This batch was among the first 10,000 vials Viral Transport Medium formulated at SIU Carbondale delivered to the Illinois Department of Public Health earlier this week. (Photo provided)
April 17, 2020
SIU is first state university to deliver in key COVID-19 test substance shortage
CARBONDALE, Ill. — A team at Southern Illinois University Carbondale this week delivered its first round of a key substance needed for COVID-19 tests to health authorities in Springfield. SIU was the first university in the state to do so.
Andrew Wood, director of the School of Biological Sciences, on Tuesday hand-delivered the first 10,000 vials of Viral Transport Medium formulated at SIU to the Illinois Department of Public Health. SIU researchers, along with several other state universities, are working on making up the shortfall of the substance.
Gary Kinsel, vice chancellor for research at SIU, said he is proud of how well faculty are performing in meeting the ongoing challenges presented by the health emergency.
“It’s a source of great pride that our faculty have stepped up to provide such an important contribution to the state of Illinois during this pandemic,” Kinsel said. “I know that their efforts expand the state testing capacity and ultimately save lives.”
Substance is vital for COVID-19 testing
Viral Transport Medium (VTM) is a pH-buffered fluid with a specific formulation of salts, protein and other chemicals that maintains the genetic information of a virus until it can be tested. Faculty have been working around the clock organizing the effort to make the substance, which is in short supply because of the ongoing health emergency and large need for testing.
The batch was manufactured by a team of microbiologists and several students last week at SIU.
Scott Hamilton-Brehm, professor of microbiology and a leader of the effort, said the SIU team intends to keep the pace of 10,000 vials per week
“As long as we have supplies and people willing to help us, we can keep this pace,” Hamilton-Brehm said. “Our future challenge is keeping our supply line to the university.”
Many of the materials needed for the formulation come from other states while some come from storehouses in Chicago, Hamilton-Brehm said, and must be decontaminated for safety upon arrival. Normal delivery has been greatly affected by the virus outbreak, which in turn puts stress on SIU’s acquisition of materials.
“We have really great people here at SIU and we did a phenomenal job getting that first 10,000 vials out the door,” Hamilton-Brehm said. “Our challenge is that for all of our fantastic people, if we do not have the supplies we have to stop working.”
The pressure is on
Other challenges continue to arise. Along with keeping the supply chain functioning, simple day-to-day laboratory functions are stressed by the large amount of substance needed in such a short period of time. Hamilton-Brehm said challenges are to be expected in such a large undertaking.

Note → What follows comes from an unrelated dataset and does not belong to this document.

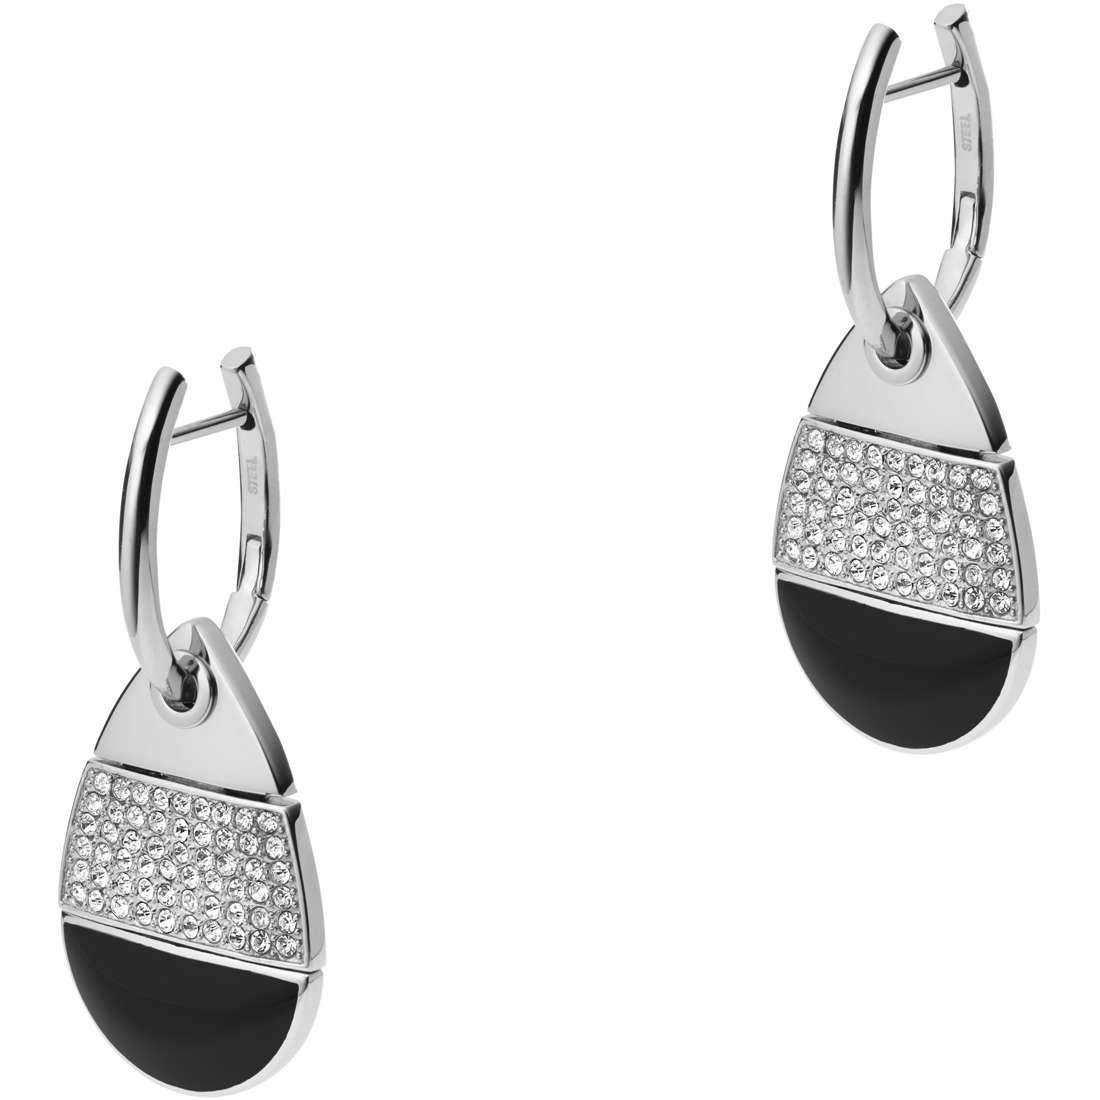 ear-rings woman jewellery Emporio Armani Fall 2013 EGS1774040
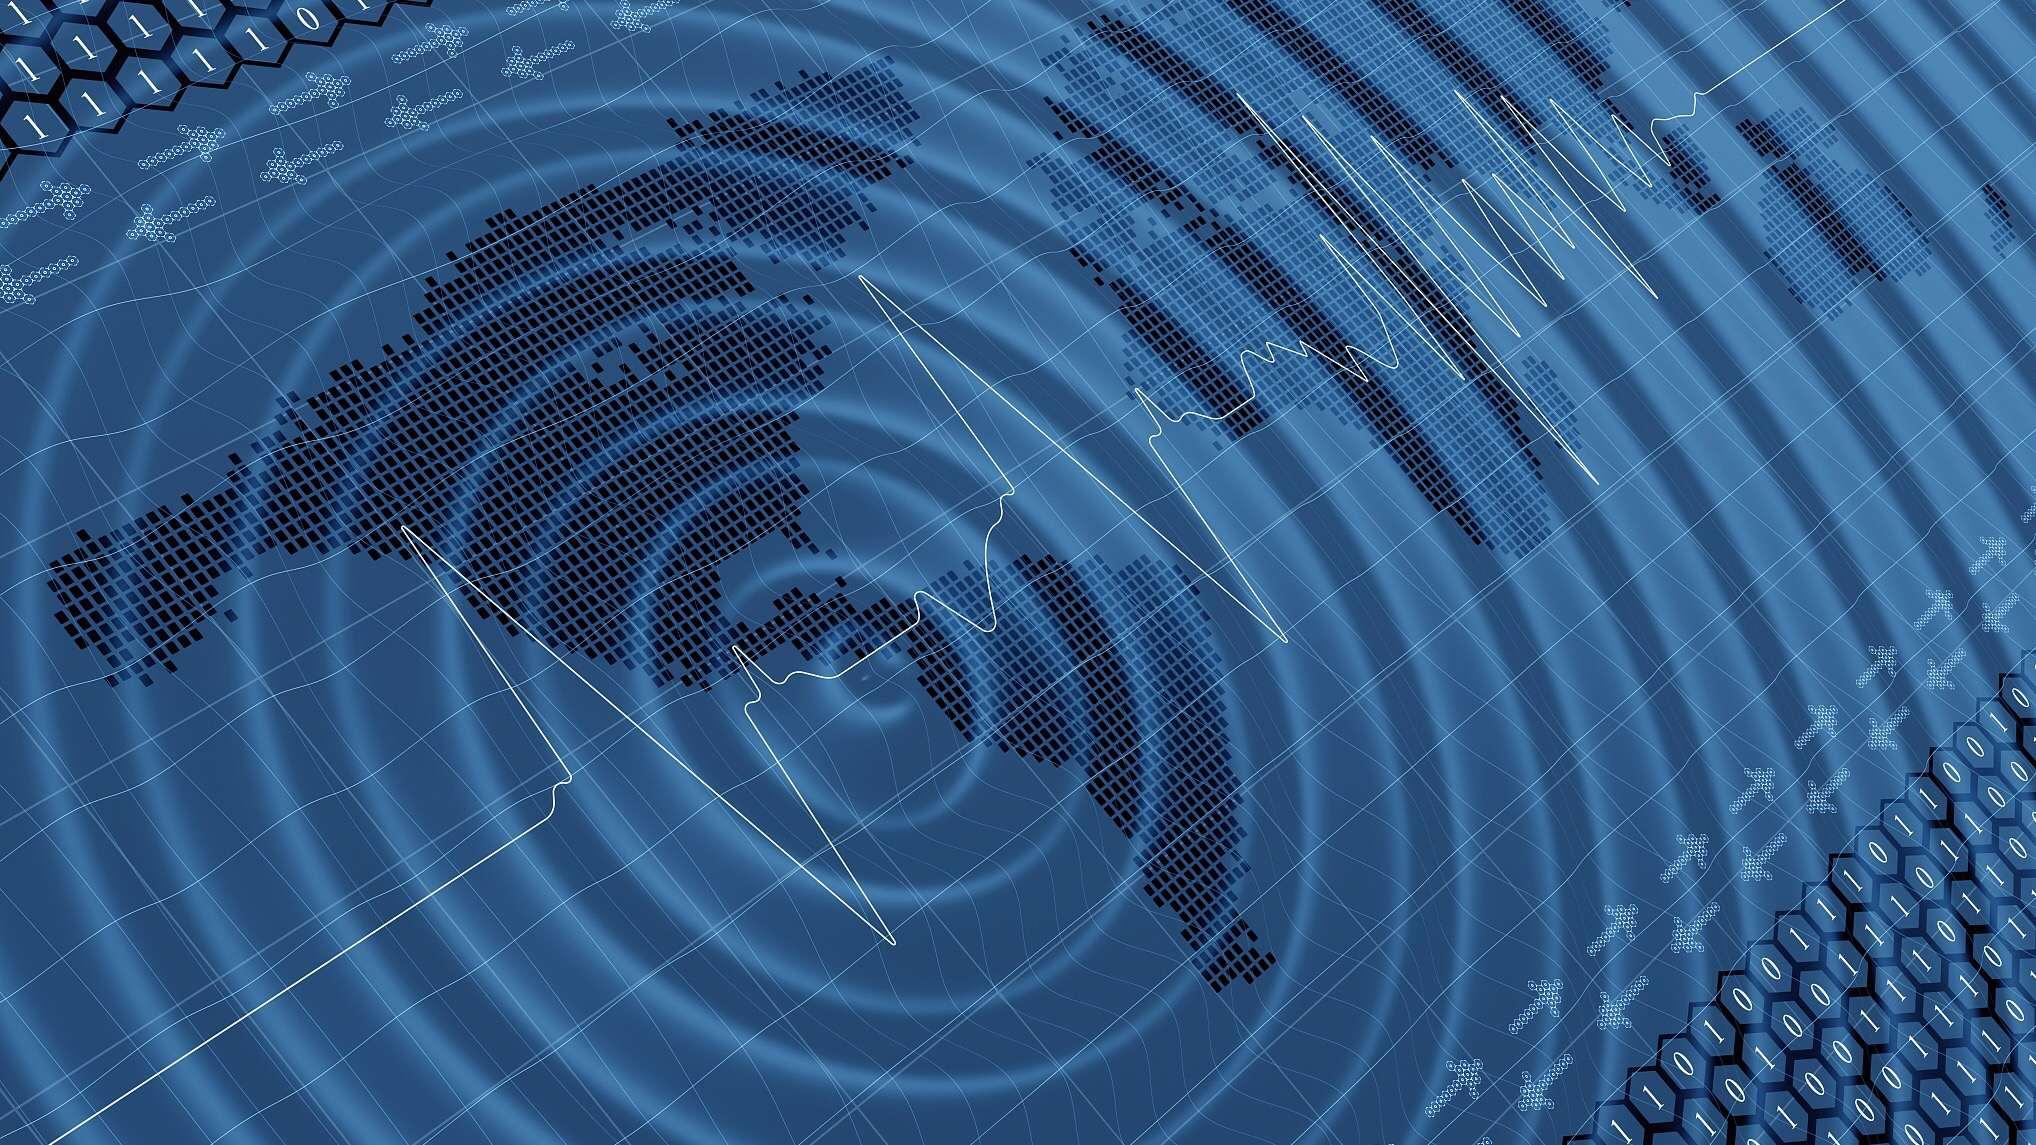 5.7-magnitude quake hits Southeast of Easter Island: USGS

“We learn, adapt, and evolve quickly in this type of situation,” he said. “One day it might be labels, another day it is filters, the next not enough people, and so on. As a manager, professor, and scientist you need to be dynamic and never rigid. Speed and dexterity is our strength here.”
And the pressure isn’t letting up: SIU has a contract with state government to provide 40,000 vials of VTM during the next four weeks. The breakneck pace of manufacture is being shouldered by a team of faculty and staff including Matt Geisler, Vjollca Konjufca, Buffy Ellsworth,Laxmi Sagwan-Barkdoll, Buck Hales and Karen Hales, as well as graduate students Trevor Murphy and Erik Velkme. Other volunteers from the departments of microbiology, public health, plant biology, chemistry and biochemistry and geology are supplementing the team, as well.
“It all takes a lot of effort and time from all of us, but we know this is for a good cause, we know this is a moment in time where sacrifice is needed to be victorious,” Hamilton-Brehm said. “Hopefully after we gain control over the virus we can return to our work and begin teaching and doing research again.”
Salukis rise to the challenges
Hamilton-Brehm said he’s read about other, larger universities with goals of manufacturing 20,000 vials per week with up to 40 volunteers.
“The first week we produced 10,000 vials with just six people,” he said. “This is proof we can accomplish huge efforts with just a few people.”